Your objective:
Once the pictures are set aside, copy the data below exactly as it stands.

Provided data:
++++++

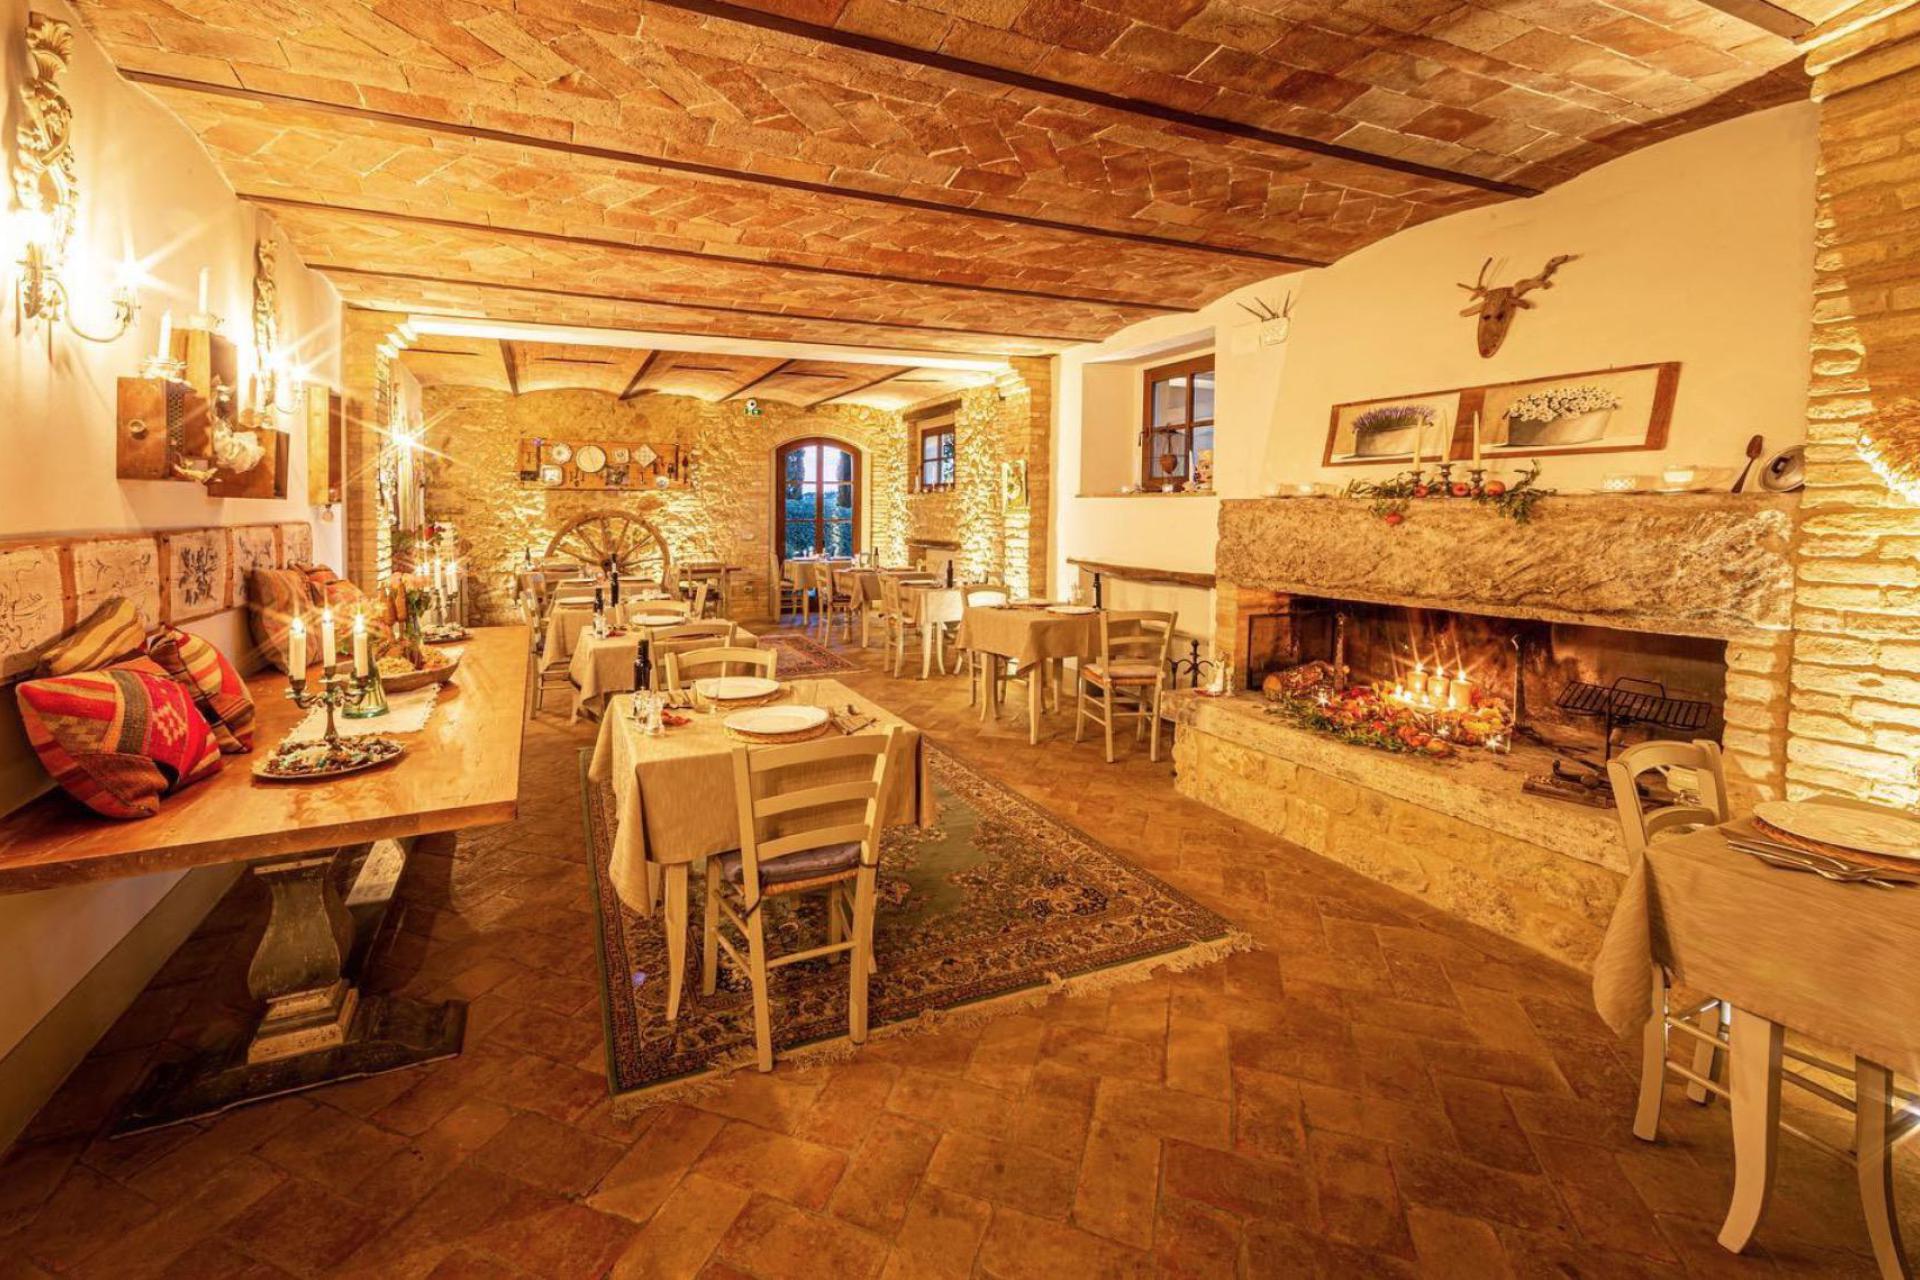 Agriturismo Toskana Agriturismo mit Restaurant - Nähe San Gimignano | myitalyselection.de
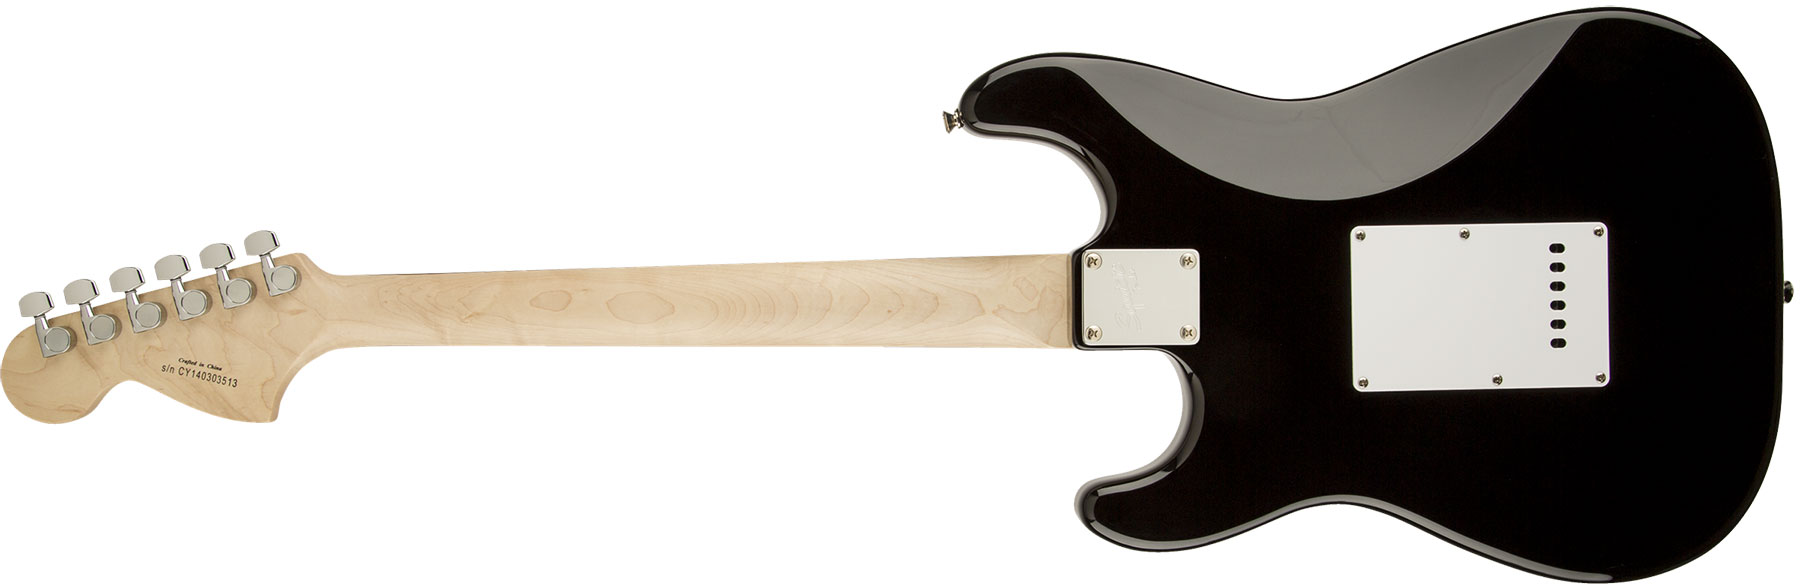 Squier Strat Affinity Series 3s Lau - Black - Str shape electric guitar - Variation 1
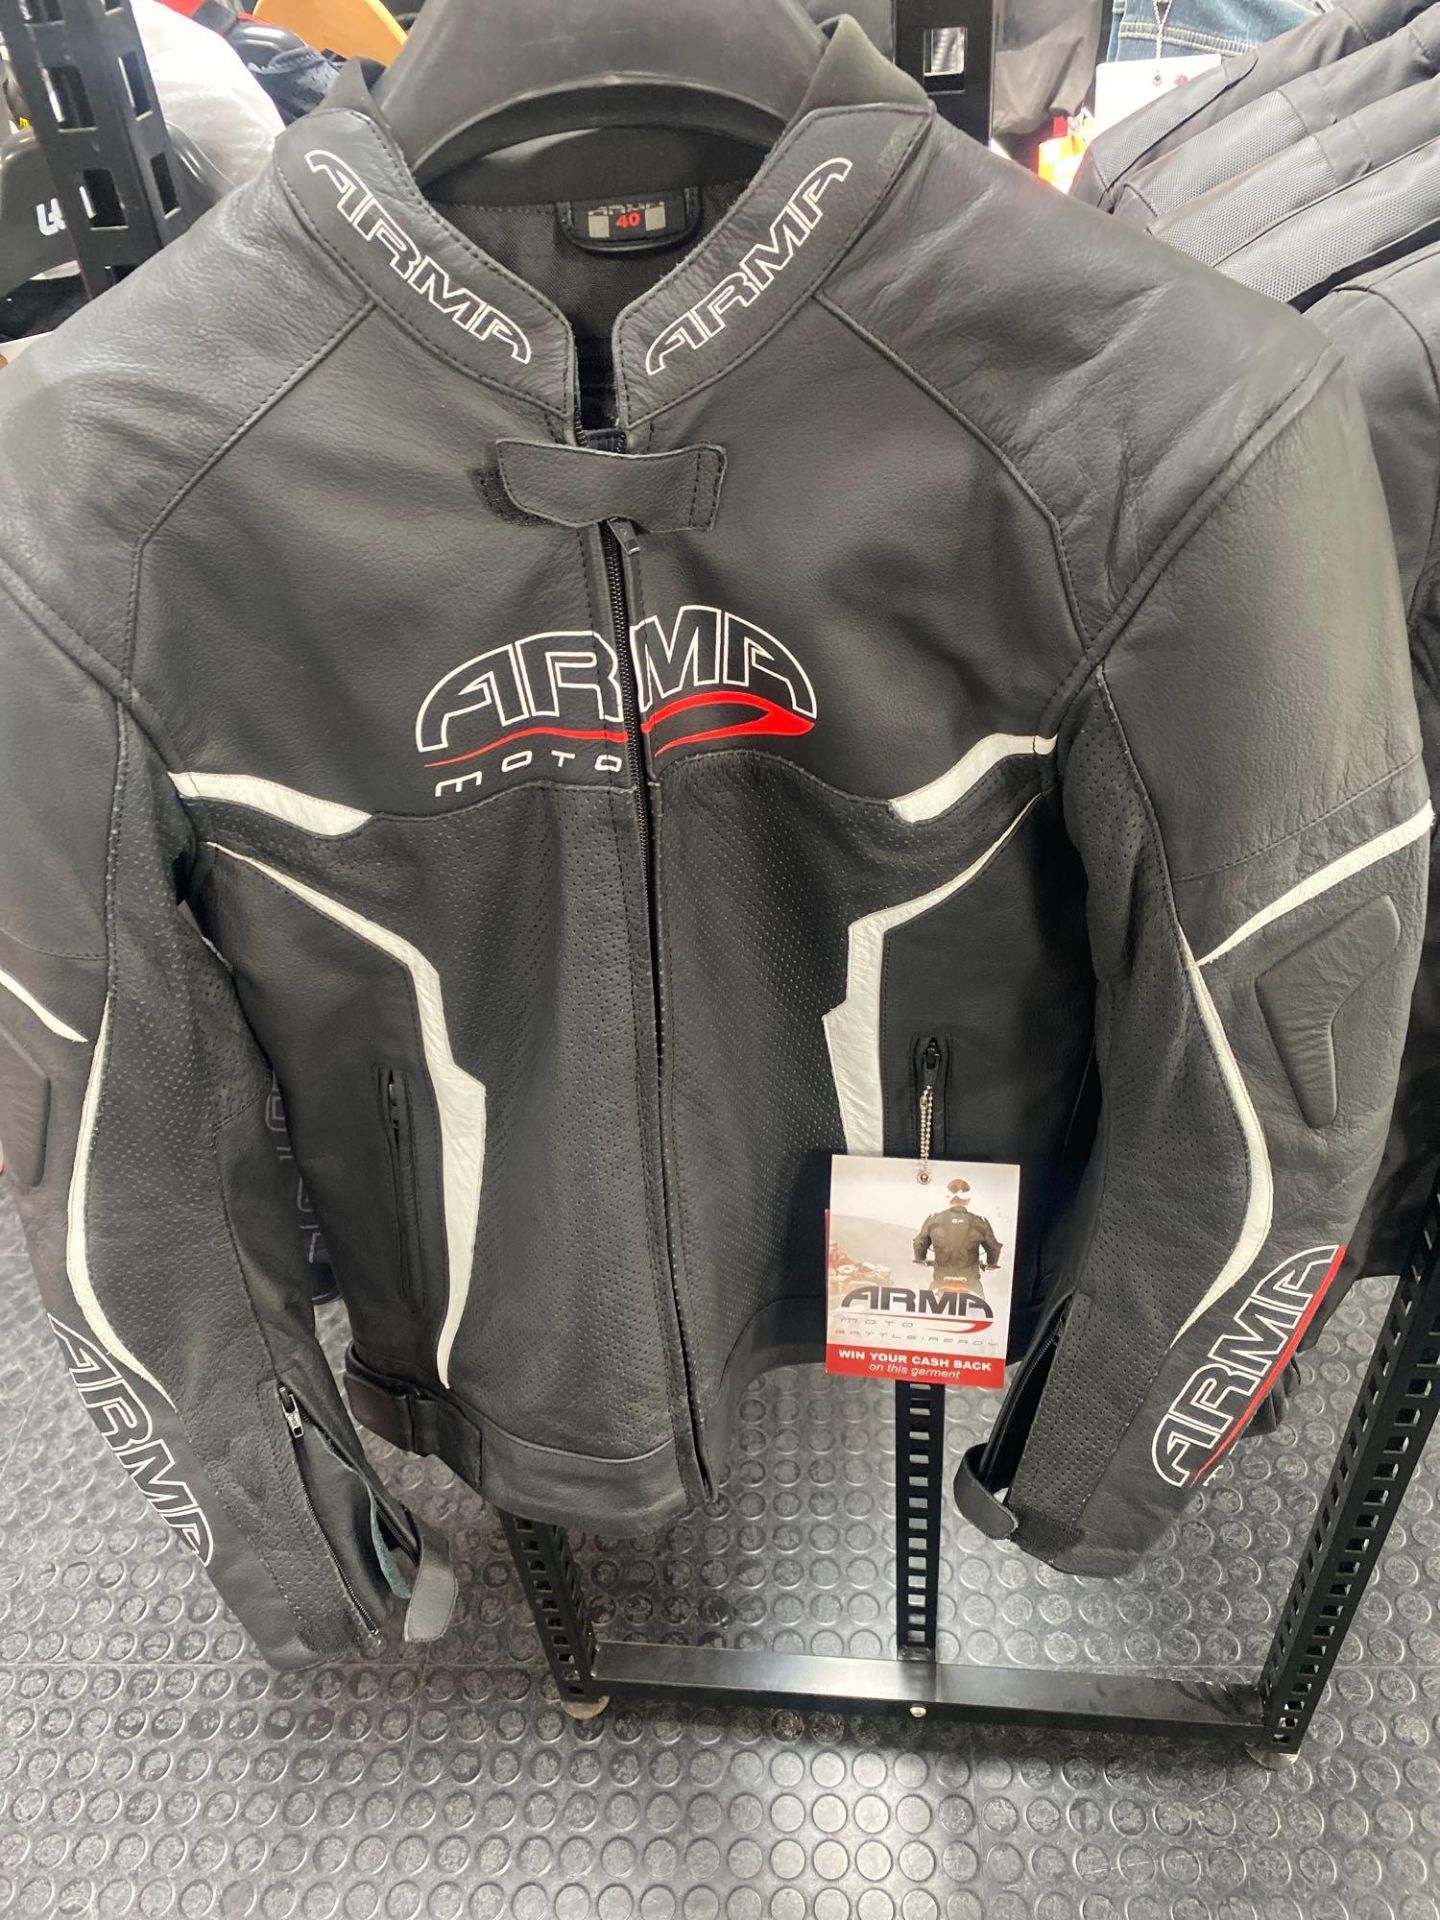 Arma Raiden leather jacket size 40, RRP £199.99

++++++

Reply:
 Agriturismo Toskana Agriturismo mit Restaurant - Nähe San Gimignano | myitalyselection.de
 Squier Strat Affinity Series 3s Lau - Black - Str shape electric guitar - Variation 1
 Arma Raiden leather jacket size 40, RRP £199.99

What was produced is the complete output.